>>

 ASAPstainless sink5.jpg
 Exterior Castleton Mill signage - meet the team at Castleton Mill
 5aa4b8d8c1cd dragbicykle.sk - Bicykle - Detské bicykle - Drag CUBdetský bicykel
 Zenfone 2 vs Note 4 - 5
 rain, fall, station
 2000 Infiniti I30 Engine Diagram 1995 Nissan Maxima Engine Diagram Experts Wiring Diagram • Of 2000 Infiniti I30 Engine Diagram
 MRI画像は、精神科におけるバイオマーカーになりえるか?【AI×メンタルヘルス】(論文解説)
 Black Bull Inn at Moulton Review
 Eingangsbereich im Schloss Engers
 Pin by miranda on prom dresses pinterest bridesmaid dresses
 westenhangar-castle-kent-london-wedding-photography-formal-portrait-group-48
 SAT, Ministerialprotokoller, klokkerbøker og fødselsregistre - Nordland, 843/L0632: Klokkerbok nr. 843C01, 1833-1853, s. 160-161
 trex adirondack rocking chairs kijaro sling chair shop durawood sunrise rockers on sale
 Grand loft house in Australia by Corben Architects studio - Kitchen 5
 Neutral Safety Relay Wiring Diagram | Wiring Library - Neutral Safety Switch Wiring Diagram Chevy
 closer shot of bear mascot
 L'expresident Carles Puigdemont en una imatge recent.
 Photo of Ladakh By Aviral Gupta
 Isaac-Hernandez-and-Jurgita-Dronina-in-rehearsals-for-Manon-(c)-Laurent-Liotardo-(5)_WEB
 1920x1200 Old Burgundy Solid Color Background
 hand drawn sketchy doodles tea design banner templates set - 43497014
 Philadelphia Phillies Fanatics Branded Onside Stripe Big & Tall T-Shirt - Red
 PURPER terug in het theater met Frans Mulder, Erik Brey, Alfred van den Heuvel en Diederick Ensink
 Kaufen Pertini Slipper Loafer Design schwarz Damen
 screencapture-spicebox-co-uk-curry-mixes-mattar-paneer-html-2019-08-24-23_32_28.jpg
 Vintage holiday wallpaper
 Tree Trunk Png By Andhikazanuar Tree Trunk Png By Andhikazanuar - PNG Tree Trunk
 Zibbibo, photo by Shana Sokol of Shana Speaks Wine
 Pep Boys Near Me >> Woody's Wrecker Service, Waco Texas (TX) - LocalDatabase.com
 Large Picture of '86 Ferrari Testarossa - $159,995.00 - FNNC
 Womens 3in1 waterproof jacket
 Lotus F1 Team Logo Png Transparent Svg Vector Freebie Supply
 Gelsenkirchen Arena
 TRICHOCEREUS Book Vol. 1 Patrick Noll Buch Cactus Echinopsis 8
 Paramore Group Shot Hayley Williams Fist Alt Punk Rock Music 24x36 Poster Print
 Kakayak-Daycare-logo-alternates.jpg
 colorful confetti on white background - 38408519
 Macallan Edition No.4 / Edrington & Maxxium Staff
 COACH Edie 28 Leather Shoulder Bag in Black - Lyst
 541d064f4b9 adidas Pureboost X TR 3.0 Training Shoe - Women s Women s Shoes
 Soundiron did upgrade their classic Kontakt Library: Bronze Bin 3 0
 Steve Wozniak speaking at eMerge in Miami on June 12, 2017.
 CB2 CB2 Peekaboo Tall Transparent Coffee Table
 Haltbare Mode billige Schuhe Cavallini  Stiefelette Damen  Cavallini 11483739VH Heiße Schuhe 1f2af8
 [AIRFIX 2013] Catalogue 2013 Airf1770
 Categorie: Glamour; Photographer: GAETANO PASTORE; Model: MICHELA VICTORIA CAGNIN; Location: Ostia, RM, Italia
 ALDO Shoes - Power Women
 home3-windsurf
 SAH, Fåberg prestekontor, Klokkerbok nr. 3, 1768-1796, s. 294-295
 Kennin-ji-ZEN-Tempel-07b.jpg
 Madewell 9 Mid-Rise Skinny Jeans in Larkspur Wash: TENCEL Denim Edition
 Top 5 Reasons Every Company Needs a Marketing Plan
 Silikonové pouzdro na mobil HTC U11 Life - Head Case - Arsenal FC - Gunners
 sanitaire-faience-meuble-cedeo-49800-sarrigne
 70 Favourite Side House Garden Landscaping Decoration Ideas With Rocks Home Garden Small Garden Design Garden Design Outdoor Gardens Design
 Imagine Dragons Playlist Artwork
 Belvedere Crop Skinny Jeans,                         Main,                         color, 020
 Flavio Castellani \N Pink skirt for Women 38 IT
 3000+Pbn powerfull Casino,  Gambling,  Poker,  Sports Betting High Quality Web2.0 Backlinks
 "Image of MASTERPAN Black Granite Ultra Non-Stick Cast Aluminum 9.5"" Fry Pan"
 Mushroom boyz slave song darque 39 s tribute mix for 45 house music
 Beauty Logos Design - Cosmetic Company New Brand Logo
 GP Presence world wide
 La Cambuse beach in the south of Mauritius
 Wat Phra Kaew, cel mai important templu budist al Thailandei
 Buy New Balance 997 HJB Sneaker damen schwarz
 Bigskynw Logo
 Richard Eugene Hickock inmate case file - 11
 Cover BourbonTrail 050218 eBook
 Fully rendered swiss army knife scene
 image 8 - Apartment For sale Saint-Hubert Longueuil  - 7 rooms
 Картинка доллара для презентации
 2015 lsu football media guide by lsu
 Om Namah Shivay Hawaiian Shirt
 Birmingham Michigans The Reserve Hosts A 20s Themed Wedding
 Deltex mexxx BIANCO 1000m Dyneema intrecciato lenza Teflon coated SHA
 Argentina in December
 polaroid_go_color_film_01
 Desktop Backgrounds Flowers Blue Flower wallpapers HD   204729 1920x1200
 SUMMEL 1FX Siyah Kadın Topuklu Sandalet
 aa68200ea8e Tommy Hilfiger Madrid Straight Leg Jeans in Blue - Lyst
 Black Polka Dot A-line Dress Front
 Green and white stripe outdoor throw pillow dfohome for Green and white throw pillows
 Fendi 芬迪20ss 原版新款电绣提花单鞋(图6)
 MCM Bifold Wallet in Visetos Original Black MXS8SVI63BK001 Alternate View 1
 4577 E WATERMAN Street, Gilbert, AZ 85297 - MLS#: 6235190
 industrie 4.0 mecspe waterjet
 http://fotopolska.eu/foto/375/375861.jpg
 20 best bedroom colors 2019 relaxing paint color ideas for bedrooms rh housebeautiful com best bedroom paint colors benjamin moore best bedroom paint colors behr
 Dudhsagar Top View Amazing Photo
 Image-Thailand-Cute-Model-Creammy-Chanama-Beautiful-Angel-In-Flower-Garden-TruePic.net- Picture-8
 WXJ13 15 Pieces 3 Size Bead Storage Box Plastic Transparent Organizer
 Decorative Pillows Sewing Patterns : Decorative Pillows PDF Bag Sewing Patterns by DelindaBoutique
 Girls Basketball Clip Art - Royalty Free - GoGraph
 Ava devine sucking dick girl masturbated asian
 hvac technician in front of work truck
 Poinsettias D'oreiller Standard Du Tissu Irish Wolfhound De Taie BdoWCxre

<<

### Instructions for the task
Repeat the listing in full so that each line matches exactly.

### Written response
 ASAPstainless sink5.jpg
 Exterior Castleton Mill signage - meet the team at Castleton Mill
 5aa4b8d8c1cd dragbicykle.sk - Bicykle - Detské bicykle - Drag CUBdetský bicykel
 Zenfone 2 vs Note 4 - 5
 rain, fall, station
 2000 Infiniti I30 Engine Diagram 1995 Nissan Maxima Engine Diagram Experts Wiring Diagram • Of 2000 Infiniti I30 Engine Diagram
 MRI画像は、精神科におけるバイオマーカーになりえるか?【AI×メンタルヘルス】(論文解説)
 Black Bull Inn at Moulton Review
 Eingangsbereich im Schloss Engers
 Pin by miranda on prom dresses pinterest bridesmaid dresses
 westenhangar-castle-kent-london-wedding-photography-formal-portrait-group-48
 SAT, Ministerialprotokoller, klokkerbøker og fødselsregistre - Nordland, 843/L0632: Klokkerbok nr. 843C01, 1833-1853, s. 160-161
 trex adirondack rocking chairs kijaro sling chair shop durawood sunrise rockers on sale
 Grand loft house in Australia by Corben Architects studio - Kitchen 5
 Neutral Safety Relay Wiring Diagram | Wiring Library - Neutral Safety Switch Wiring Diagram Chevy
 closer shot of bear mascot
 L'expresident Carles Puigdemont en una imatge recent.
 Photo of Ladakh By Aviral Gupta
 Isaac-Hernandez-and-Jurgita-Dronina-in-rehearsals-for-Manon-(c)-Laurent-Liotardo-(5)_WEB
 1920x1200 Old Burgundy Solid Color Background
 hand drawn sketchy doodles tea design banner templates set - 43497014
 Philadelphia Phillies Fanatics Branded Onside Stripe Big & Tall T-Shirt - Red
 PURPER terug in het theater met Frans Mulder, Erik Brey, Alfred van den Heuvel en Diederick Ensink
 Kaufen Pertini Slipper Loafer Design schwarz Damen
 screencapture-spicebox-co-uk-curry-mixes-mattar-paneer-html-2019-08-24-23_32_28.jpg
 Vintage holiday wallpaper
 Tree Trunk Png By Andhikazanuar Tree Trunk Png By Andhikazanuar - PNG Tree Trunk
 Zibbibo, photo by Shana Sokol of Shana Speaks Wine
 Pep Boys Near Me >> Woody's Wrecker Service, Waco Texas (TX) - LocalDatabase.com
 Large Picture of '86 Ferrari Testarossa - $159,995.00 - FNNC
 Womens 3in1 waterproof jacket
 Lotus F1 Team Logo Png Transparent Svg Vector Freebie Supply
 Gelsenkirchen Arena
 TRICHOCEREUS Book Vol. 1 Patrick Noll Buch Cactus Echinopsis 8
 Paramore Group Shot Hayley Williams Fist Alt Punk Rock Music 24x36 Poster Print
 Kakayak-Daycare-logo-alternates.jpg
 colorful confetti on white background - 38408519
 Macallan Edition No.4 / Edrington & Maxxium Staff
 COACH Edie 28 Leather Shoulder Bag in Black - Lyst
 541d064f4b9 adidas Pureboost X TR 3.0 Training Shoe - Women s Women s Shoes
 Soundiron did upgrade their classic Kontakt Library: Bronze Bin 3 0
 Steve Wozniak speaking at eMerge in Miami on June 12, 2017.
 CB2 CB2 Peekaboo Tall Transparent Coffee Table
 Haltbare Mode billige Schuhe Cavallini  Stiefelette Damen  Cavallini 11483739VH Heiße Schuhe 1f2af8
 [AIRFIX 2013] Catalogue 2013 Airf1770
 Categorie: Glamour; Photographer: GAETANO PASTORE; Model: MICHELA VICTORIA CAGNIN; Location: Ostia, RM, Italia
 ALDO Shoes - Power Women
 home3-windsurf
 SAH, Fåberg prestekontor, Klokkerbok nr. 3, 1768-1796, s. 294-295
 Kennin-ji-ZEN-Tempel-07b.jpg
 Madewell 9 Mid-Rise Skinny Jeans in Larkspur Wash: TENCEL Denim Edition
 Top 5 Reasons Every Company Needs a Marketing Plan
 Silikonové pouzdro na mobil HTC U11 Life - Head Case - Arsenal FC - Gunners
 sanitaire-faience-meuble-cedeo-49800-sarrigne
 70 Favourite Side House Garden Landscaping Decoration Ideas With Rocks Home Garden Small Garden Design Garden Design Outdoor Gardens Design
 Imagine Dragons Playlist Artwork
 Belvedere Crop Skinny Jeans,                         Main,                         color, 020
 Flavio Castellani \N Pink skirt for Women 38 IT
 3000+Pbn powerfull Casino,  Gambling,  Poker,  Sports Betting High Quality Web2.0 Backlinks
 "Image of MASTERPAN Black Granite Ultra Non-Stick Cast Aluminum 9.5"" Fry Pan"
 Mushroom boyz slave song darque 39 s tribute mix for 45 house music
 Beauty Logos Design - Cosmetic Company New Brand Logo
 GP Presence world wide
 La Cambuse beach in the south of Mauritius
 Wat Phra Kaew, cel mai important templu budist al Thailandei
 Buy New Balance 997 HJB Sneaker damen schwarz
 Bigskynw Logo
 Richard Eugene Hickock inmate case file - 11
 Cover BourbonTrail 050218 eBook
 Fully rendered swiss army knife scene
 image 8 - Apartment For sale Saint-Hubert Longueuil  - 7 rooms
 Картинка доллара для презентации
 2015 lsu football media guide by lsu
 Om Namah Shivay Hawaiian Shirt
 Birmingham Michigans The Reserve Hosts A 20s Themed Wedding
 Deltex mexxx BIANCO 1000m Dyneema intrecciato lenza Teflon coated SHA
 Argentina in December
 polaroid_go_color_film_01
 Desktop Backgrounds Flowers Blue Flower wallpapers HD   204729 1920x1200
 SUMMEL 1FX Siyah Kadın Topuklu Sandalet
 aa68200ea8e Tommy Hilfiger Madrid Straight Leg Jeans in Blue - Lyst
 Black Polka Dot A-line Dress Front
 Green and white stripe outdoor throw pillow dfohome for Green and white throw pillows
 Fendi 芬迪20ss 原版新款电绣提花单鞋(图6)
 MCM Bifold Wallet in Visetos Original Black MXS8SVI63BK001 Alternate View 1
 4577 E WATERMAN Street, Gilbert, AZ 85297 - MLS#: 6235190
 industrie 4.0 mecspe waterjet
 http://fotopolska.eu/foto/375/375861.jpg
 20 best bedroom colors 2019 relaxing paint color ideas for bedrooms rh housebeautiful com best bedroom paint colors benjamin moore best bedroom paint colors behr
 Dudhsagar Top View Amazing Photo
 Image-Thailand-Cute-Model-Creammy-Chanama-Beautiful-Angel-In-Flower-Garden-TruePic.net- Picture-8
 WXJ13 15 Pieces 3 Size Bead Storage Box Plastic Transparent Organizer
 Decorative Pillows Sewing Patterns : Decorative Pillows PDF Bag Sewing Patterns by DelindaBoutique
 Girls Basketball Clip Art - Royalty Free - GoGraph
 Ava devine sucking dick girl masturbated asian
 hvac technician in front of work truck
 Poinsettias D'oreiller Standard Du Tissu Irish Wolfhound De Taie BdoWCxre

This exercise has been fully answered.